Dessa dupla linha de desenvolvimento seguem-se duas séries de funções no Homem: as elementares (biológicas), regidas pelas leis da evolução, e as superiores (culturais), regidas pelas leis da história. A história do desenvolvimento humano é a passagem do nível natural da espécie homo para o nível cultural, humano; passagem do plano da natureza, ordem natural, para o plano da cultura, ordem simbólica, mediante a transformação das funções naturais pelas funções culturais, mas sem reduzir uma a outras. (PINO, 2005, p. 5, grifo do autor).

Quando a espécie humana consegue desenvolver novas capacidades que lhe permitem transformar a natureza por meio do trabalho e criar as condições necessárias para viver no meio social, ocorre a evolução da espécie, que, embora seja um movimento de ruptura, não

cessa o processo evolutivo, mas propicia ao homem ser o encarregado de seu próprio desenvolvimento.

A história do homem é a história dessa transformação, a qual traduz a passagem da ordem da natureza à ordem da cultura. Ao colocar a questão da relação entre funções elementares ou biológicas e funções superiores ou culturais, Vygotski não está seguindo, como o fazem outros autores, a via do dualismo. Muito pelo contrário, ele está propondo a via da sua superação. As funções biológicas não desaparecem com a emergência das culturais, mas adquirem uma nova forma de existência: elas são incorporadas na história humana. (PINO, 2000, p. 51, grifos do autor).

Para Vygotski (1995), quando se compreendem os processos psicológicos humanos superiores, pode-se entender os processos psicológicos mais elementares. Da complexa e ambígua relação entre os processos psicológicos elementares e superiores constitui-se a base para as novas formações psíquicas. Na perspectiva histórica e dialética, o estudo do objeto deve ser um processo que supera as características do objeto em si, buscando a origem de determinada função psíquica, desde o surgimento até seu desaparecimento.

As funções elementares que chamamos em qualquer sistema de conduta e que são restos de outras funções similares, mas mais desenvolvidas em outros sistemas psicológicos mais remotos, são uma prova viva da origem destes sistemas superiores e de sua vinculação histórica com camadas mais antigas no desenvolvimento da conduta. (VYGOTSKI, 1995, p. 65-66).

No que tange à indisciplina escolar, pode-se considerar que também ela acompanha as mudanças históricas vivenciadas pelas instituições de ensino.

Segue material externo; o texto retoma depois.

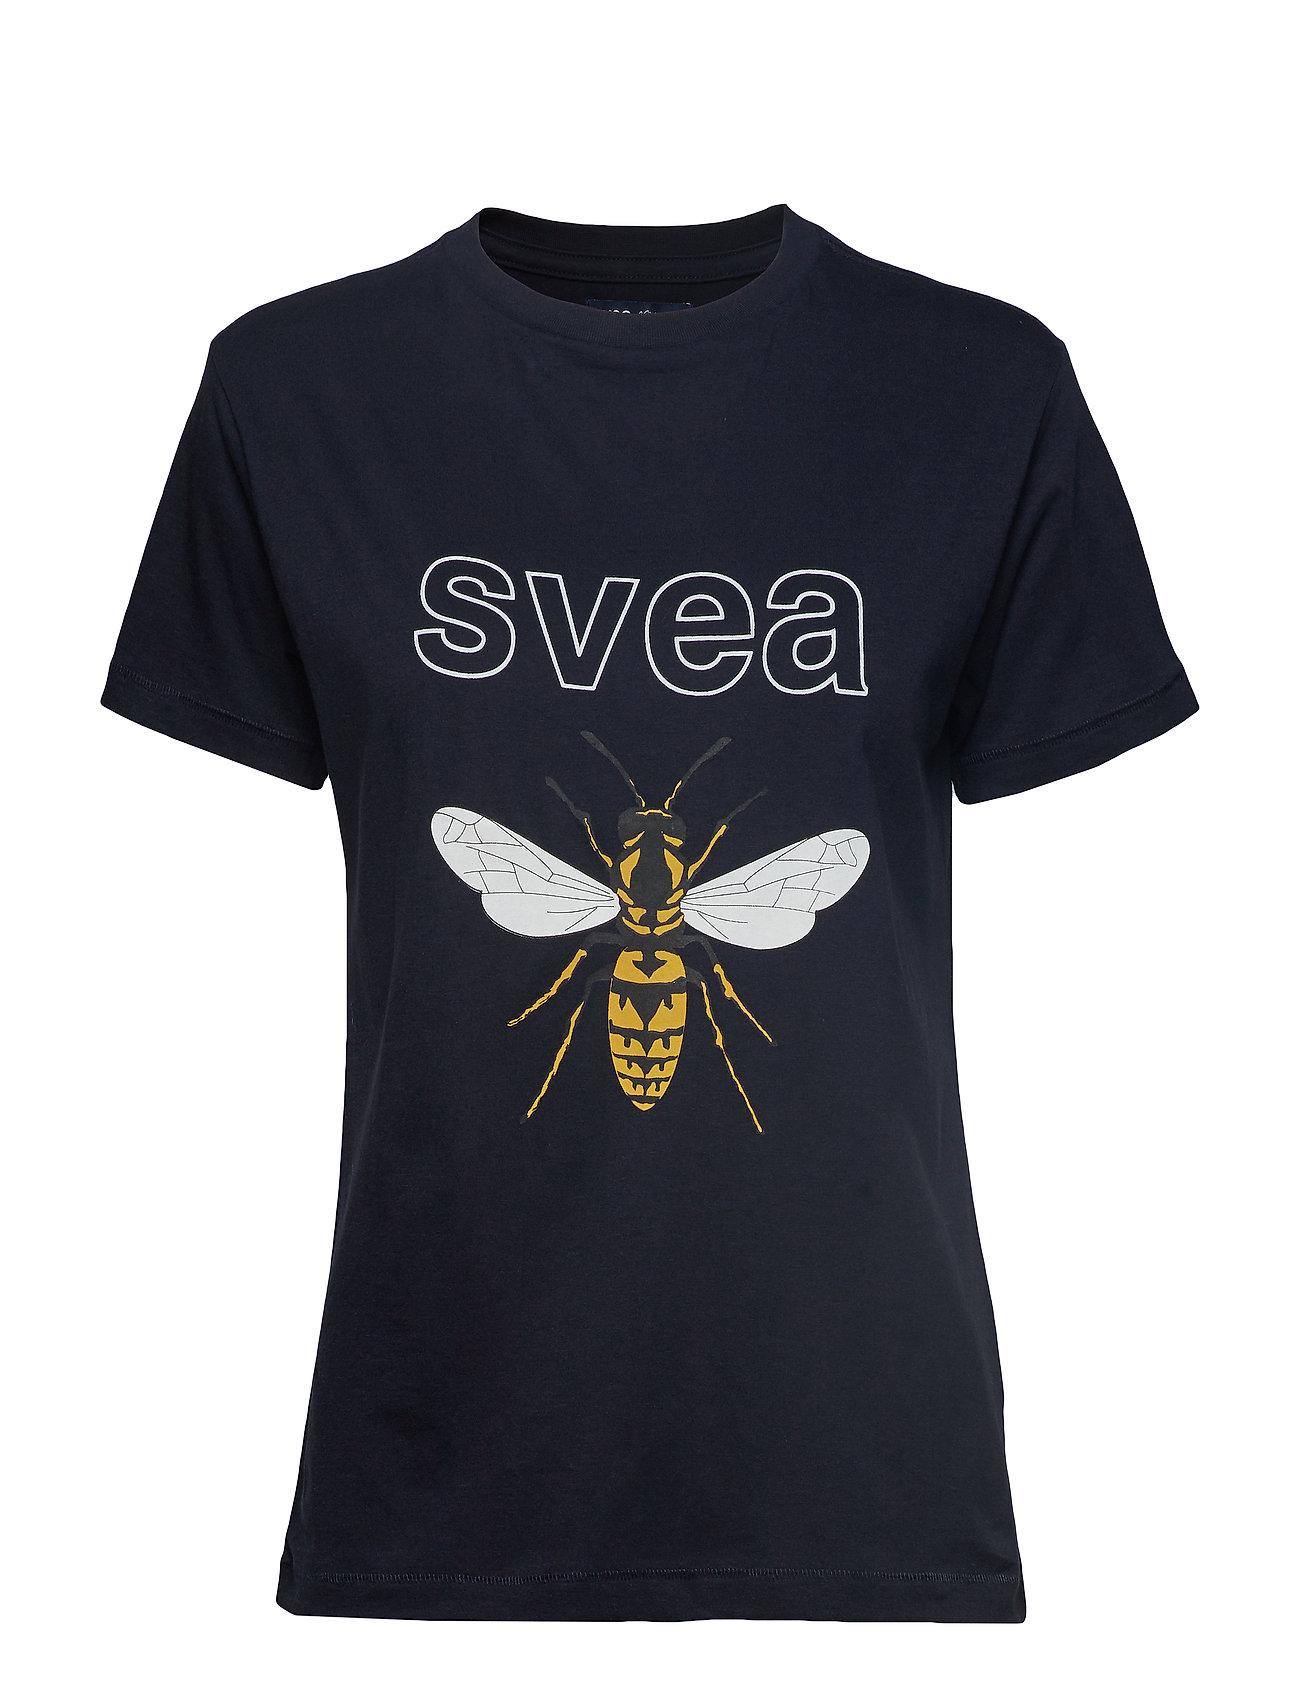 Svea Insect Tee - NAVY

Dessa maneira, é importante contextualizá-la, descrevendo e explicando como se dá a educação superior privada no Brasil. É necessário analisar as condições históricas que determinaram os sentidos e significados atribuídos à indisciplina pelos docentes e discentes nesse contexto. É por meio da historicidade que se pode compreender o movimento do sujeito, o encadeamento de suas relações e as modificações presentes na realidade, pois “o homem cria a história e vive já na história há muito tempo antes de conhecer a si mesmo como ser histórico” (KOSIK, 2011, p. 210).